As the revival neared the end of its planned three-week run with only modest results, popular radio star Stuart Hamblen (who later wrote the gospel song "It Is No Secret") began attending, underwent a dramatic conversion, and plugged the meetings on his radio show. Then came an even more crucial break. One evening, a cluster of reporters and photographers met Graham when he arrived at the tent. Puzzled, even somewhat frightened, Billy asked a reporter what had happened. "You have just been kissed by William Randolph Hearst," the man said. "Look here." He showed him a scrap of paper from a wire-service machine. "The boss has said, 'Puff Graham.'"
The next day, the two Hearst papers in Los Angeles gave Graham and the revival banner headlines, and 12 other papers in the chain also gave the campaign extensive coverage. Within days, the Associated Press, the United Press, and the International News Service picked up the story, and Time, Newsweek, and Life followed suit soon afterward. On the train back to Minneapolis when the revival had finally ended after eight weeks, conductors and passengers treated him like a hero, and reporters crowded on board to press their inquiries. Billy Graham had become a national figure.

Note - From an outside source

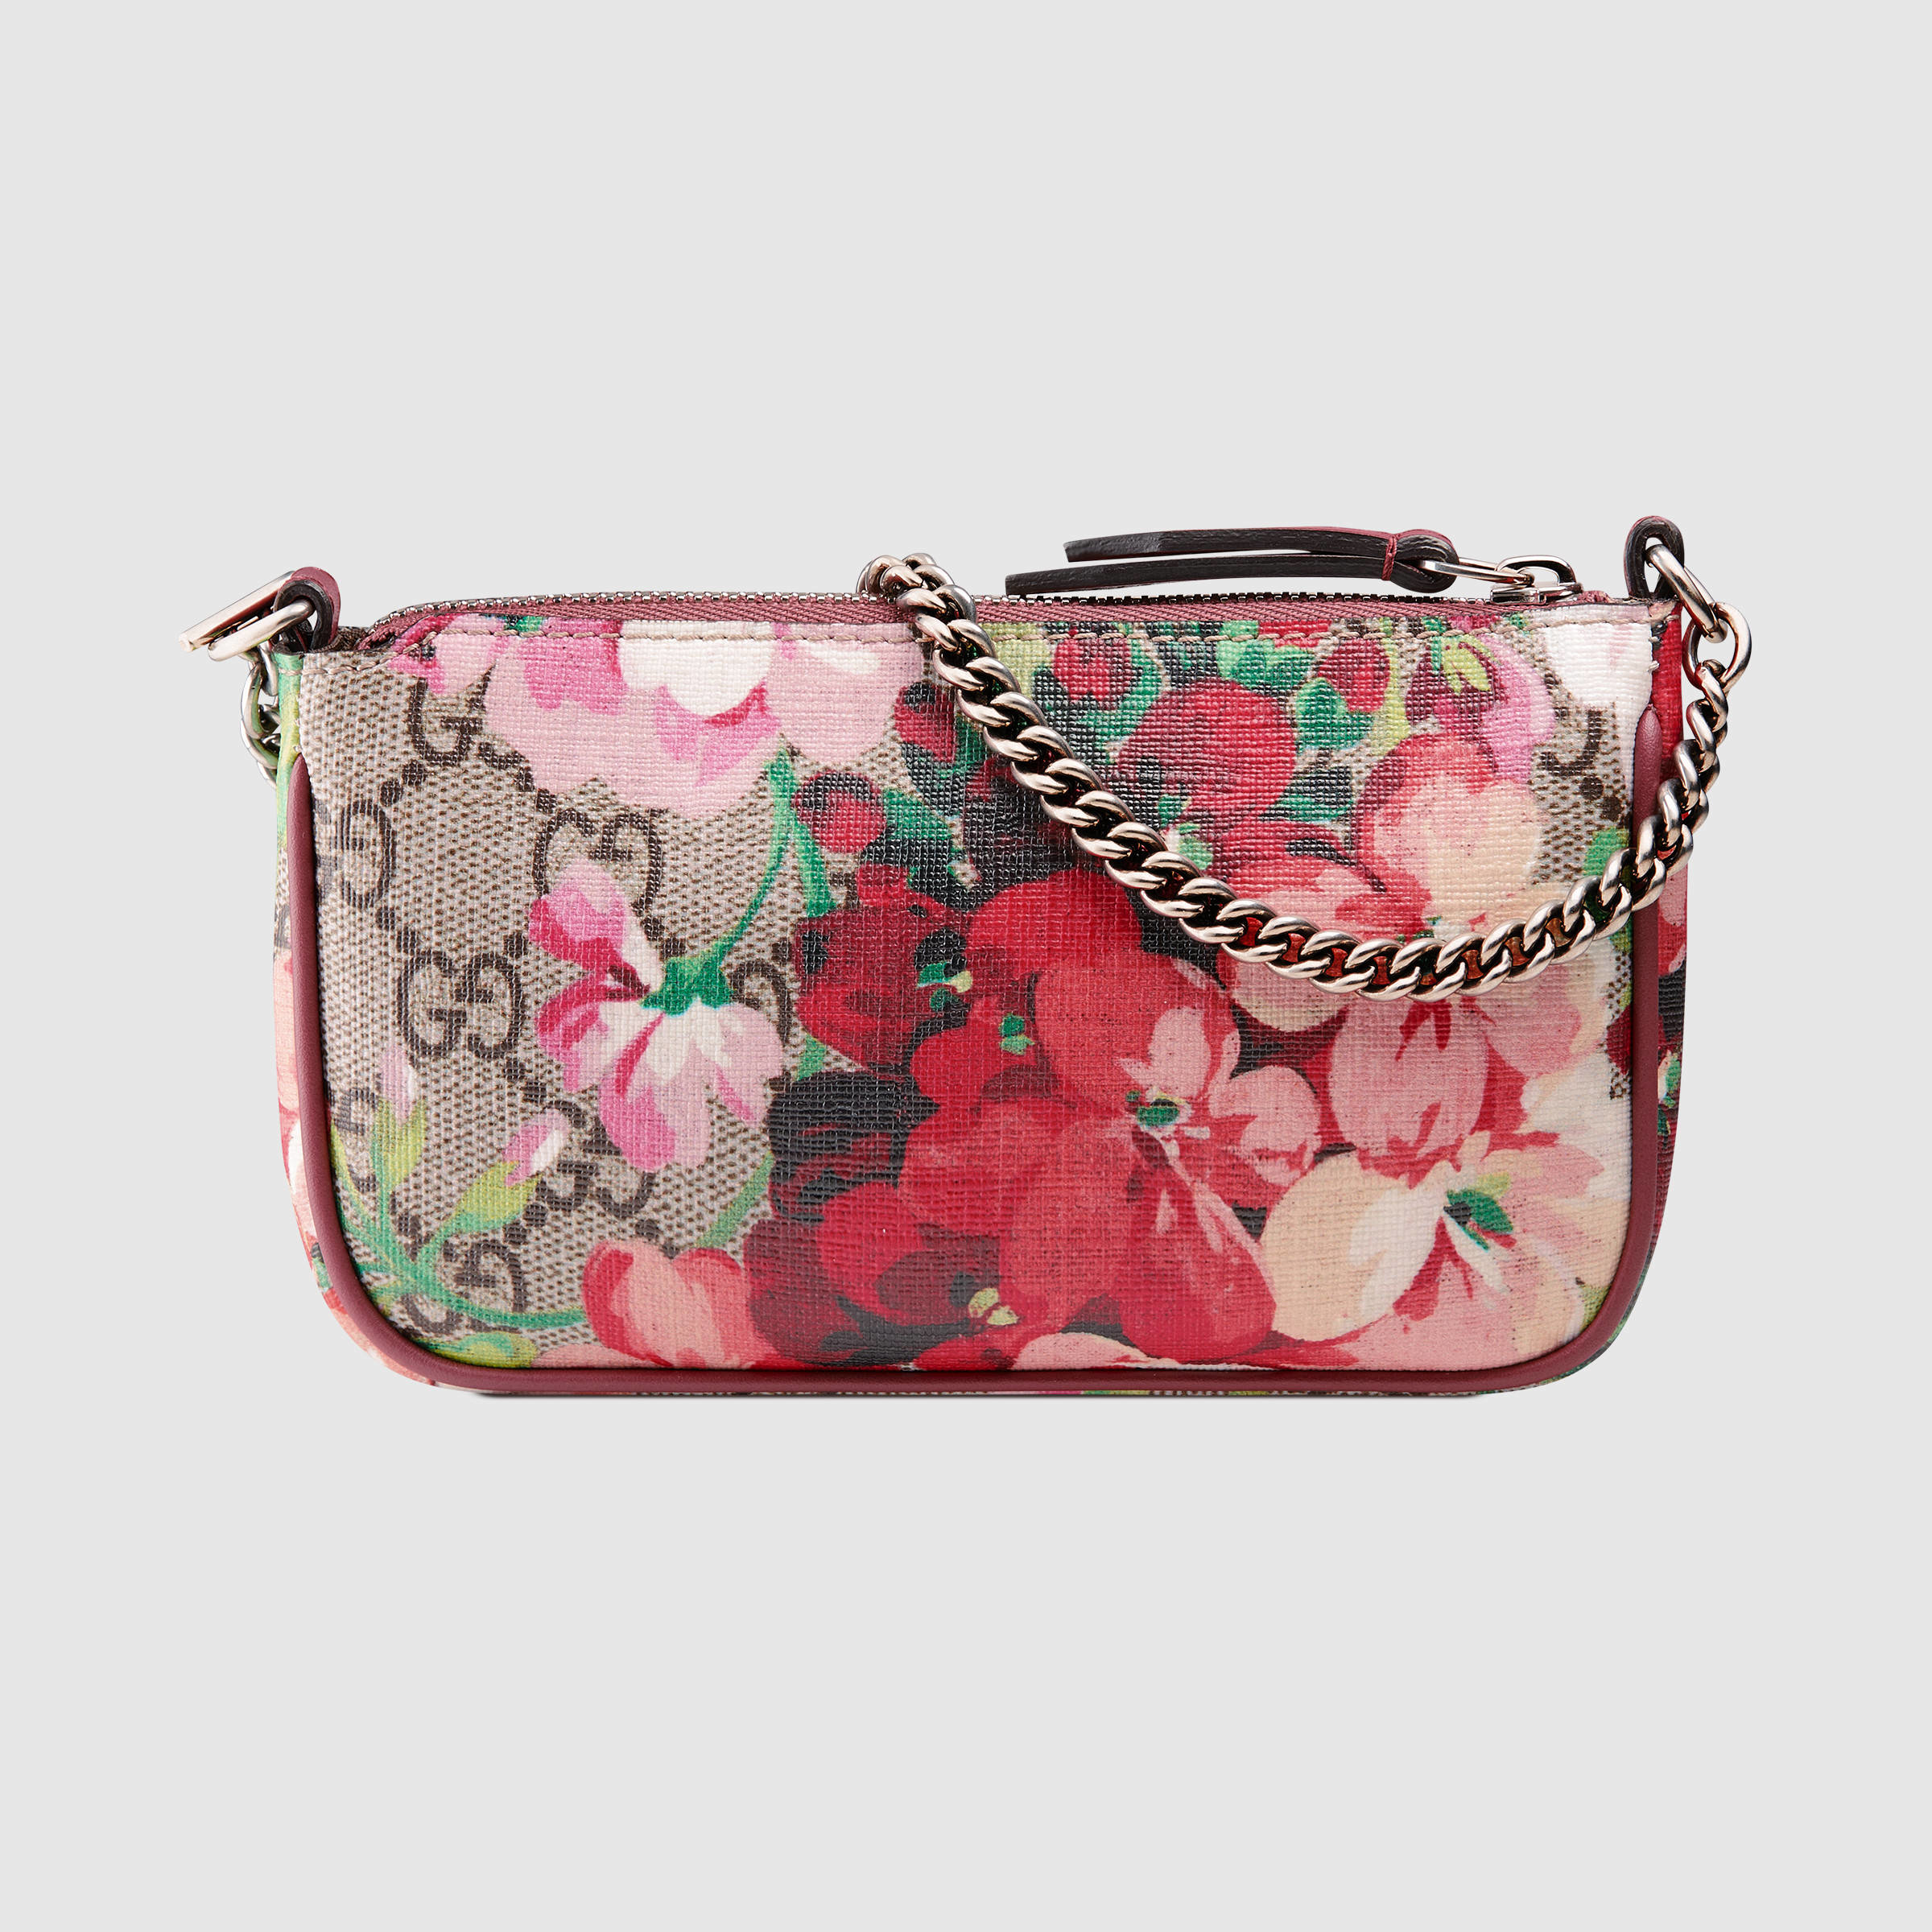 Lyst - Gucci Gg Blooms Mini Chain Bag

Although he had not been a party to the 1942 founding of the National Association of Evangelicals, Graham's efforts on behalf of Youth for Christ had introduced him to legions of people who were or would become leaders in that movement. Now, through his crusades and the attention they could draw, it seemed possible that he could play a significant role in helping the movement reach out to the larger culture. Eventually, no figure came to represent the spirit of the New Evangelicalism more fully than Billy Graham.
A Country Boy
Born in Charlotte, North Carolina, on November 7, 1918, and reared on a dairy farm in a strict Calvinist household, Graham had occasion to hear numerous itinerant revivalists. Some of them stayed in his home and sowed the first seeds of interest in a preaching career. Graham attended Bob Jones College briefly, Florida Bible Institute (where he began preaching and changed his denominational affiliation from Associate Reformed Presbyterian to Southern Baptist), and Wheaton College (where he met and married Ruth Bell, the daughter of a medical missionary, and undertook his first and only stint as a local pastor). He became the field representative for Youth for Christ International in 1945, and by the fall of 1948 he and his new music director, Cliff Barrows, were devoting most of their time and energy to Graham's revival campaigns.